It is concluded that within the range of test parameters, increasing the flue gas flow rate or increasing the liquid injection volume can effectively improve the desulfurization efficiency, and the effect of liquid injection volume on the desulfurization efficiency is greater than that of the flue gas flow rate. The better operating conditions of the downstream/countercurrent tower are obtained: the flue gas flow rate of the downstream tower is 6.44m/s, the circulating slurry volume is 27m3/h (the liquid-gas ratio is 14L/m3), the pH value of the oxidation slurry tank is 5.6~5.8, and the desulfurization efficiency is 93.7%; The flue gas flow rate of the countercurrent tower is 2.31m/s, the circulating slurry volume is 54m3/h (liquid-gas ratio is 27.5L/m3), and the desulfurization efficiency can reach 96.8% when the pH value of the oxidation slurry tank is 5.6~5.8. The physical structure and composition of desulfurization products are analyzed by image analysis and thermogravimetric analysis. The results show that the content of gypsum in desulfurization products is high, but the content of intermediate products is high due to equipment oxidation process and other problems. Improving oxidation system to enhance oxidation effect can meet the requirements of industrial and civil gypsum. According to the characteristics of gas-liquid mass transfer in the liquid curtain tower, the physical and mathematical models of SO2 absorption process in the tower were established using the surface renewal theory.

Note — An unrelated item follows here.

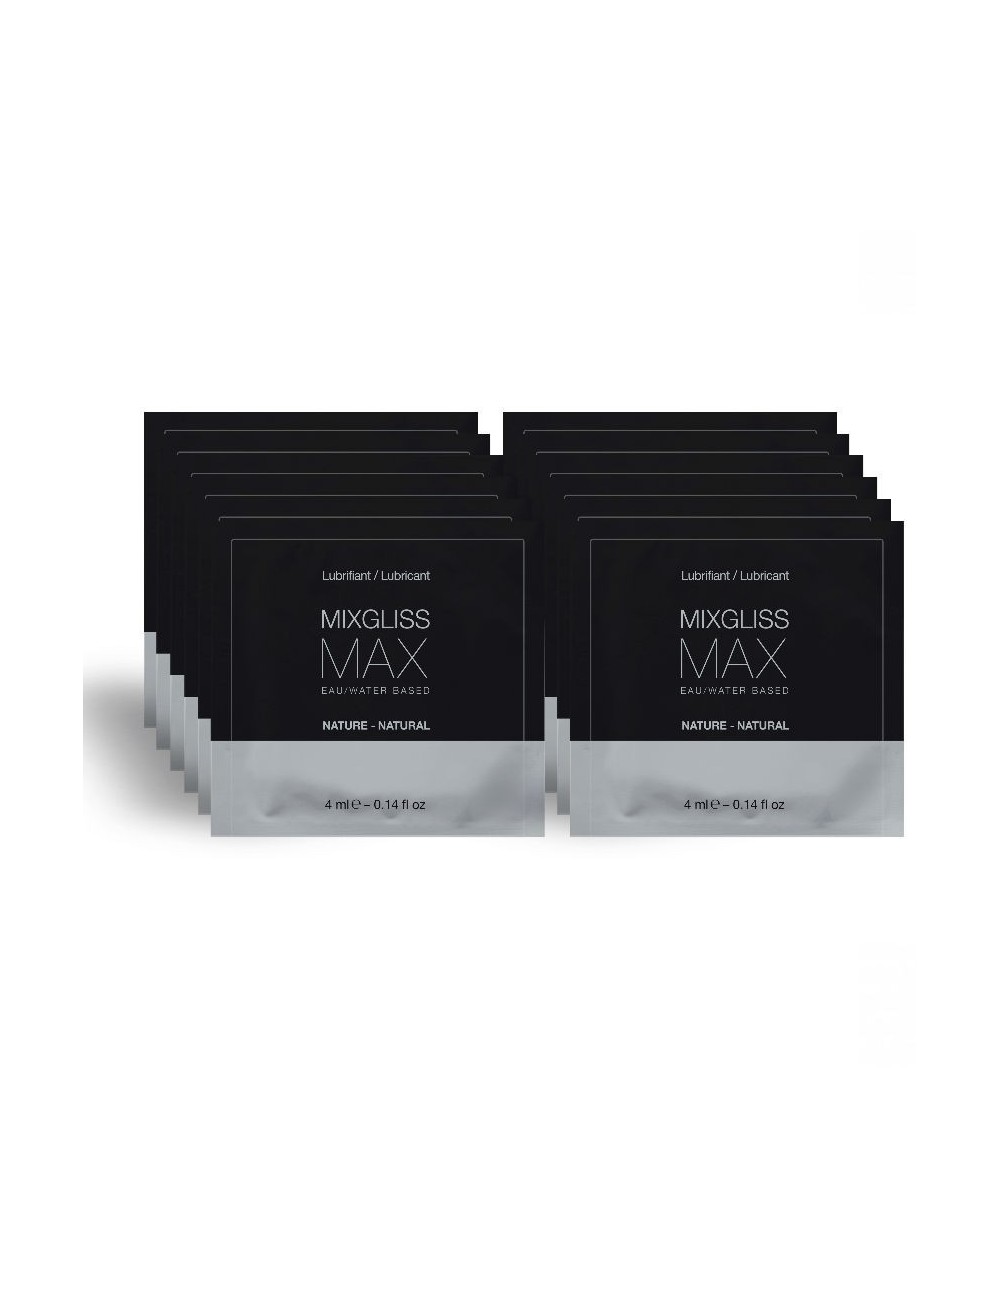 MIXGLISS MAX LUBRIFIANT PACK DILATEUR ANAL 12 DOSE UNIQUE 4ML - Huiles de massage -
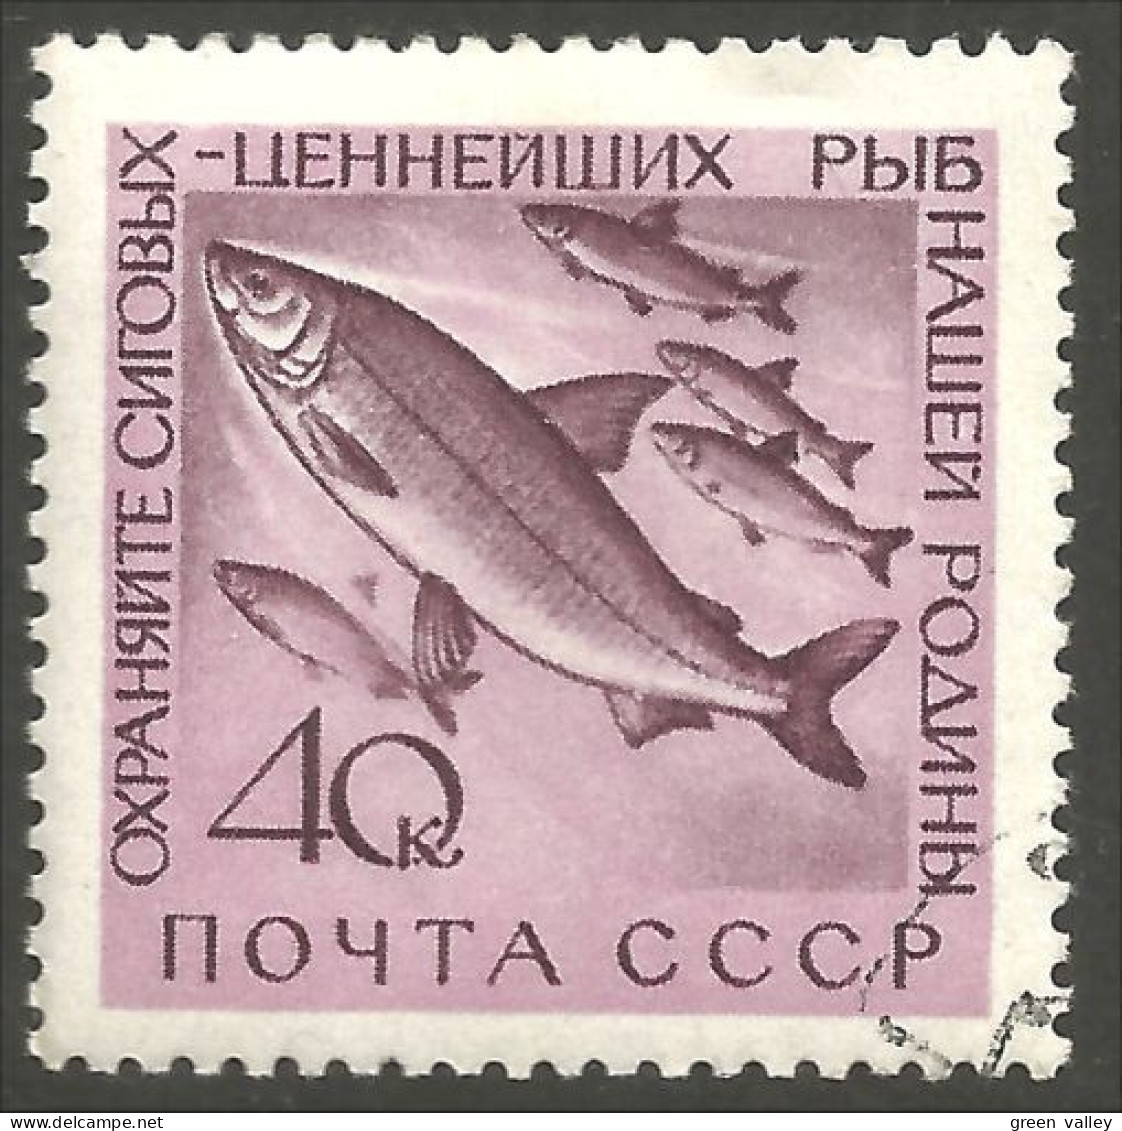 AL-25 Russia Poisson Saumon Salmon Fische Fish Piscis Pesci Vis - Food

该模型全面考虑了浆液中各种离子以及各种有限速率的反应,同时考虑了气相传质阻力、液相传质阻力和石灰石溶解阻力的影响。通过模型分析确定了湿法烟气脱硫工艺中吸收段和氧化段的反应机理。模型计算得到了逆流式液幕塔的脱硫效率与烟气流速和液气比的关系、烟气中SO2浓度随吸收塔高度的变化曲线和循环浆液pH值随高度的变化规律。对塔内各段SO2的吸收速率进行了分析,发现液柱上升段对SO2吸收较少,液滴下落阶段是SO2吸收的主要阶段。逆流式液幕床层底端SO2的吸收为液相传质阻力控制。计算结果与试验结果吻合较好,基本上反映了反应塔内的实际过程。
The model considers all kinds of ions in the slurry and all kinds of finite rate reactions, as well as the effects of gas phase mass transfer resistance, liquid phase mass transfer resistance and limestone dissolution resistance. The reaction mechanism of the absorption section and the oxidation section in the wet flue gas desulfurization process was determined by model analysis. The relationship between desulfurization efficiency of countercurrent liquid curtain tower and flue gas flow rate and liquid-gas ratio, the variation curve of SO2 concentration in flue gas with the height of absorption tower and the variation law of pH value of circulating slurry with the height were obtained by model calculation. The absorption rate of SO2 in each section of the tower was analyzed. It was found that the rising section of the liquid column absorbed less SO2, and the falling phase of the liquid drop was the main phase of SO2 absorption. The absorption of SO2 at the bottom of the countercurrent liquid curtain bed is controlled by the resistance of liquid phase mass transfer. The calculated results are in good agreement with the test results, and basically reflect the actual process in the reactor.
采用GAMBIT软件构造三维网格模型,运用Fluent 6.0软件对液幕塔内气液两相流动和传热过程进行了数值模拟。采用离散相模型,考虑两相间的相互作用,在欧拉坐标系下采用RNG k-ε模型来描述气相湍流,在拉格朗日坐标系下对液滴颗粒相进行描述,建立液幕塔内气液流动和传热的三维数学模型。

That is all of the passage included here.